Thursday, January 5 2012 2:22 AM

As we age, visits to the doctor tend to get more frequent. You might be visiting a family practice physician for a periodic exam, an orthopedic surgeon for knee pain or a cardiologist for chest pain. Regardless of the type of doctor you are visiting, there are five things you should take with you to maximize your time. Write this information down and keep it in a safe place, and let your spouse or a loved one know where you keep it. Electronic medical records are common these days, but don’t rely entirely on these systems to keep track of this information for you. 

  • The first, and probably the most important, thing to bring with you is a list of all the medications you take along with the dosages you take. This should also include all the medications you might take from time to time on an “as needed” basis.
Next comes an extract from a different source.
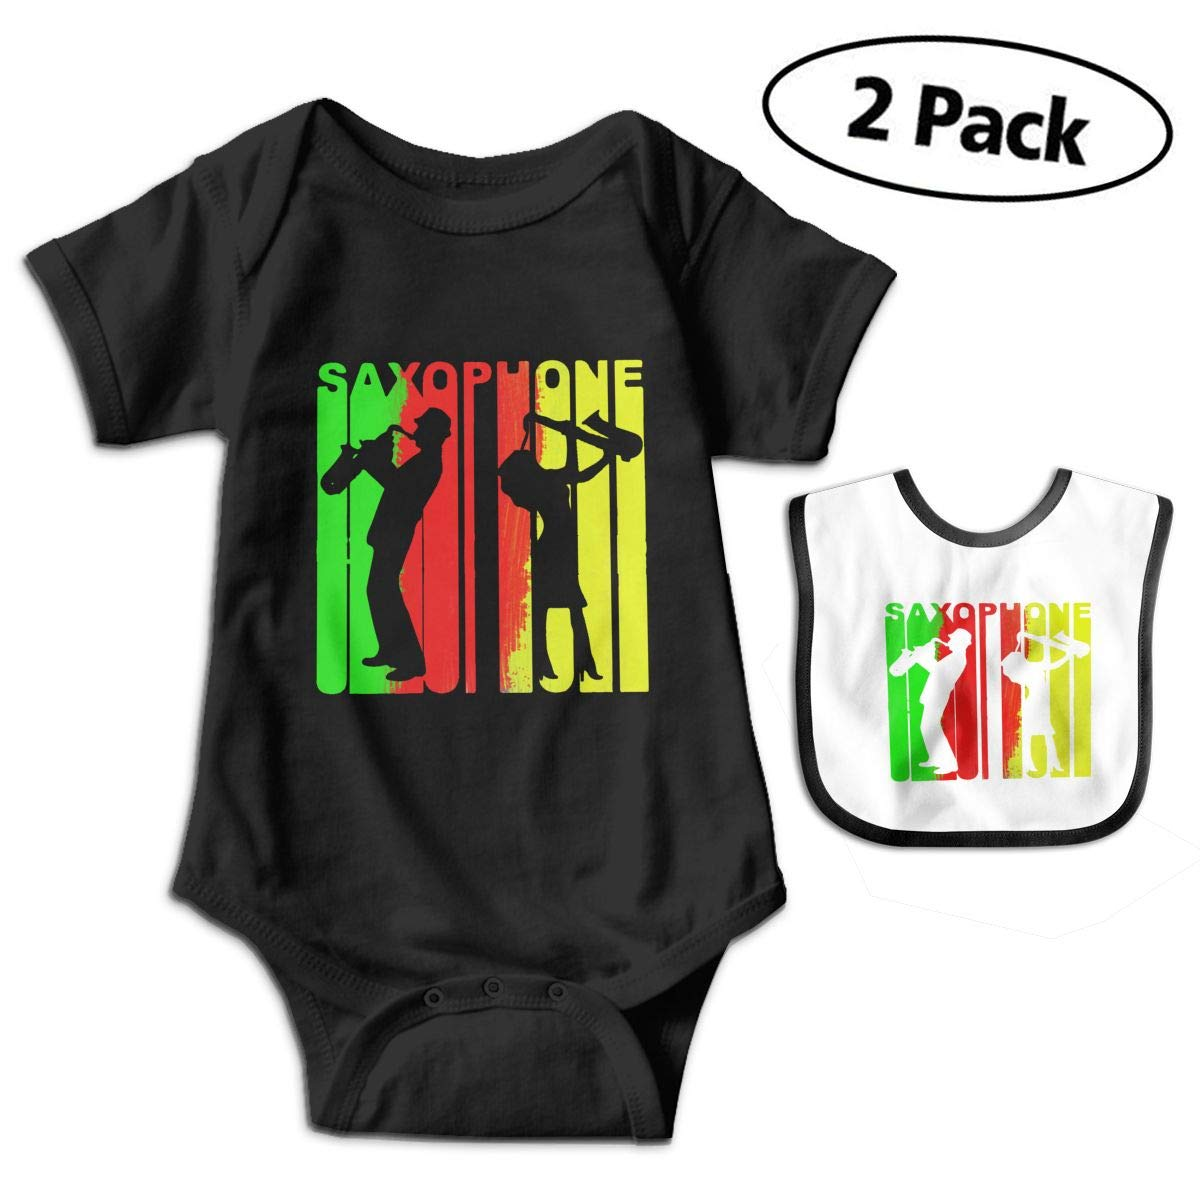 Harataki Retro 1970s Style Saxophone Player Infant Baby Short Sleeve Romper Jumpsuit Bodysuit

Medications also include patches and injections, not just pills. Your doctor may wish to start a new medication, and he or she needs to know if you are on a medication that may create a hazardous interaction. 
  • Bring a list of medication sensitivities. This includes any known allergies or side effects that you have or have experienced. Allergies and side effects are not necessarily the same. For example, a certain pain medication might upset your stomach. That would most likely be a side effect, rather than an allergy. Your doctor will take this information into consideration when deciding upon appropriate treatment options. Listing what symptom or symptoms the medication causes can be very helpful to your doctor. Example: “Bactrim causes a skin rash and itchiness.” 
  • Bring a list of your medical conditions. When a nurse asks you about your medical conditions, it can be easy to forget some of them at that time, especially if you’re distracted by acute symptoms or nervous about the visit. 
  • Bring a list of surgeries you’ve had done. Include the date, month and year, if possible. Example: “Appendix removal, January 23, 1974.” It’s important for your doctor to know this history because certain conditions can be an effect of a surgery. 
  • Bring your family medical history. Include your parents’ and siblings’ medical conditions. An example of a specific condition to note would be a heart condition and the approximate age it started, such as your sister’s heart attack at age 46 or your father’s cardiac stent placement at age 52. Cancer history is also important, especially breast and colon cancer, since your doctor’s decision of whether or not to screen for these conditions may depend on the age that they appeared within the individuals in your family.

Taking the extra effort to bring this information with you can make your next visit to the doctor go much more smoothly. It will also allow your doctor to spend the maximum time he or she can with you addressing the reason you visited in the first place.